The BENRUS Type I has a simple design, but adds just enough elements to give it character. Though void of colors outside of the monochromatic spectrum, the matte black watchface contrasts nicely with the gloss finished bezel insert. And the overall profile of the case is slightly lopsided, thicker on the crown side, subtly giving the watch its distinct identity.

Hands-on with the BENRUS Type I DiveWatch
The glossy bezel insert contrasts with the matte black face JEFF LI/IBTIMES US

Rugged and Reliable Build

Since the BENRUS Type I was originally designed as a diver for the military, it doesn’t come as a surprise just how rugged the watch is built.

The bead-blasted stainless steel case has a low-sheen surface that is much easier to maintain than a polished mirror finish that’s prone to scratches and fingerprints. The engraving on the underside of the watch is so deeply etched into the convex back, it would probably not wear off even decades later. The whole watch was made to last, to be passed down from one generation to another.

Hands-on with the BENRUS Type I DiveWatch
The deep etching on the back of the watch JEFF LI/IBTIMES US

To match the durability and reliability of the case, the BENRUS Type I has an equally reliable movement: a Swiss made ETA 2681 hacking automatic movement. The silky smooth sweeping second hand is not only gorgeous to look at, it also has that coveted Swiss precision. The movement has a decent 40-hour power reserve.

The bi-drectional rotating bezel is one of my favorite features on the BENRUS Type I, as it uses resistance instead of the typical clicky mechanism. Rotating the bezel feels smooth like a hydraulic piston, and holds its position firmly and wouldn’t easily move accidentally once set in position.

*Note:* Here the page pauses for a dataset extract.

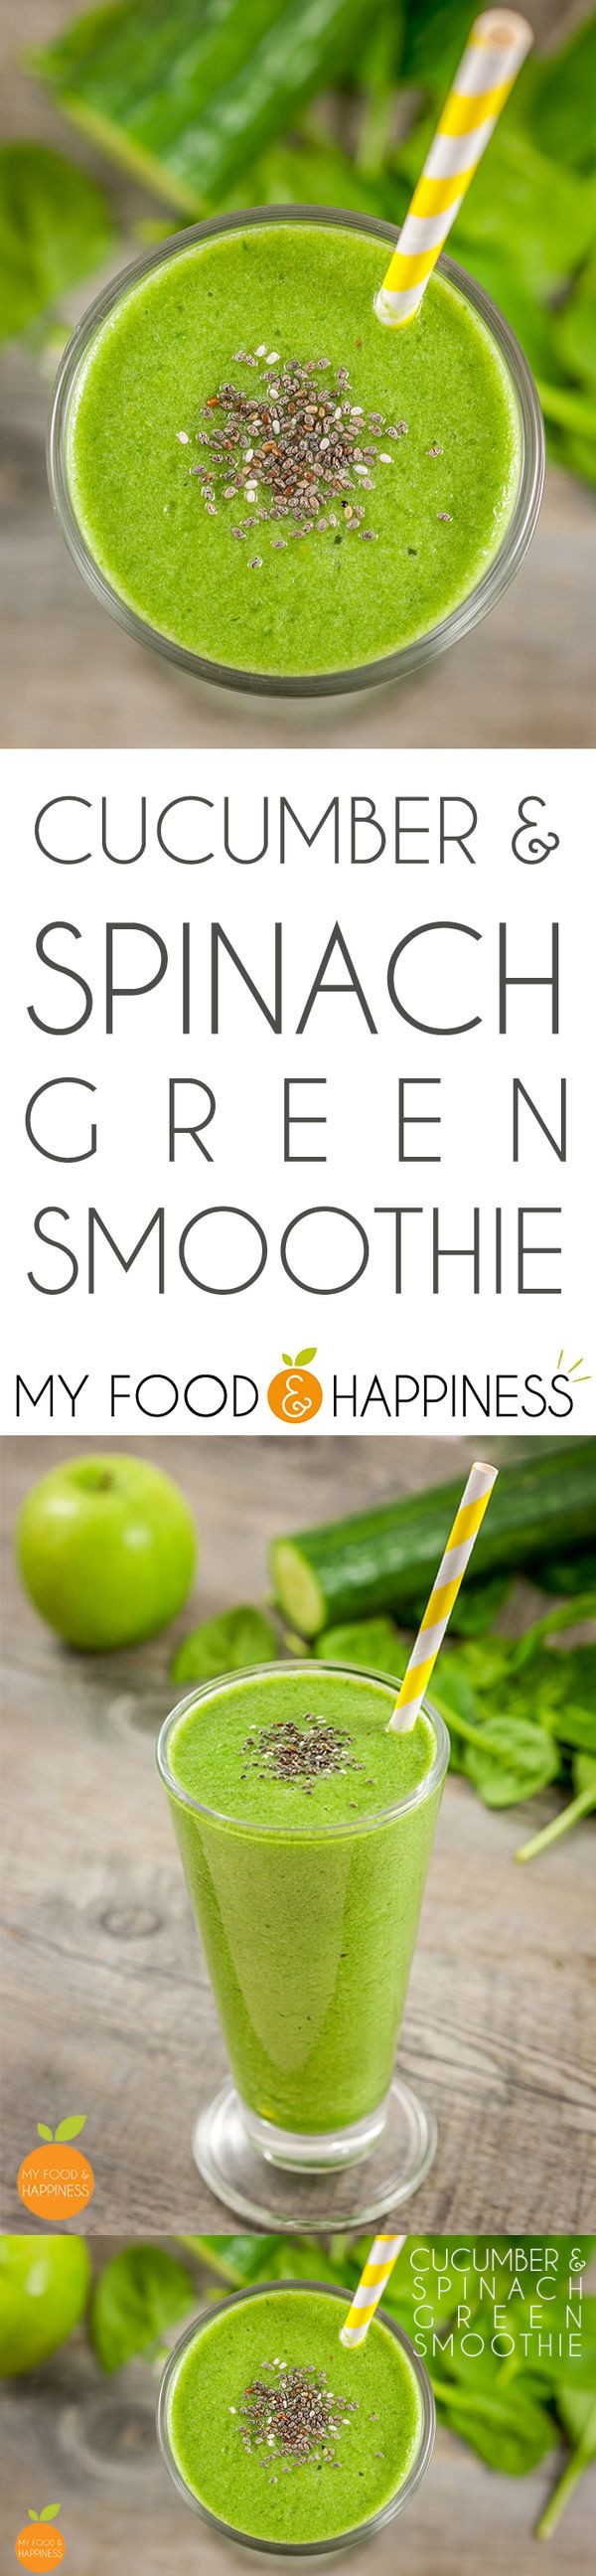 Cucumber & Spinach green smoothie

Hands-on with the BENRUS Type I DiveWatch
The screw-down crown is well placed aesthetically and practically JEFF LI/IBTIMES US

The screw down crown has enough girth that they are easy to grip, but not protrude either aesthetically or physically. The aforementioned lopsided case acts like a crown guard in an ingenious way, that the crown can’t easily get caught on something, yet is easily gripped when you need to unscrew it. The finish of the crown matches with the bead-blasted case, and has no special marking on its convex face, making it both rugged and tasteful.

Hands-on with the BENRUS Type I DiveWatch
The BENRUS Type I is small but very readable JEFF LI/IBTIMES US

Tool Watch Readability, Dress Watch Wearability

Being a tool watch originally, the legibility on the BENRUS Type I is excellent – despite its rather small face diameter. Though it has a 42.5 mm case (from the tip of the crown to the opposite side), the face is actually only slightly over 28 mm. Though the smaller diameter would mean that the double domed Sapphire crystal would be extremely tough, I was initially worried about the readability. But after wearing it on a daily basis, I found that the design of the hands and indices made it quite easy to read, even with a quick glance.

Hands-on with the BENRUS Type I DiveWatch
The BWG9 lume at work in the dark JEFF LI/IBTIMES US

The BWG9 lume that’s applied to the hourly indices and hands are highly effective, and would increase readability in low-light situations.

Hands-on with the BENRUS Type I DiveWatch
The 14.6 mm thickness ensures it doesn’t get caught on shirt cuffs JEFF LI/IBTIMES US

Because of the slim 14.6 mm case height, the BENRUS Type I works well as a dress watch as it won’t easily catch on shirt cuffs – despite its automatic innards. In fact the overall profile of the watch is devoid of any protrusions that might pose a catching risk, a design that comes in useful for both dress up situations or EDC usage.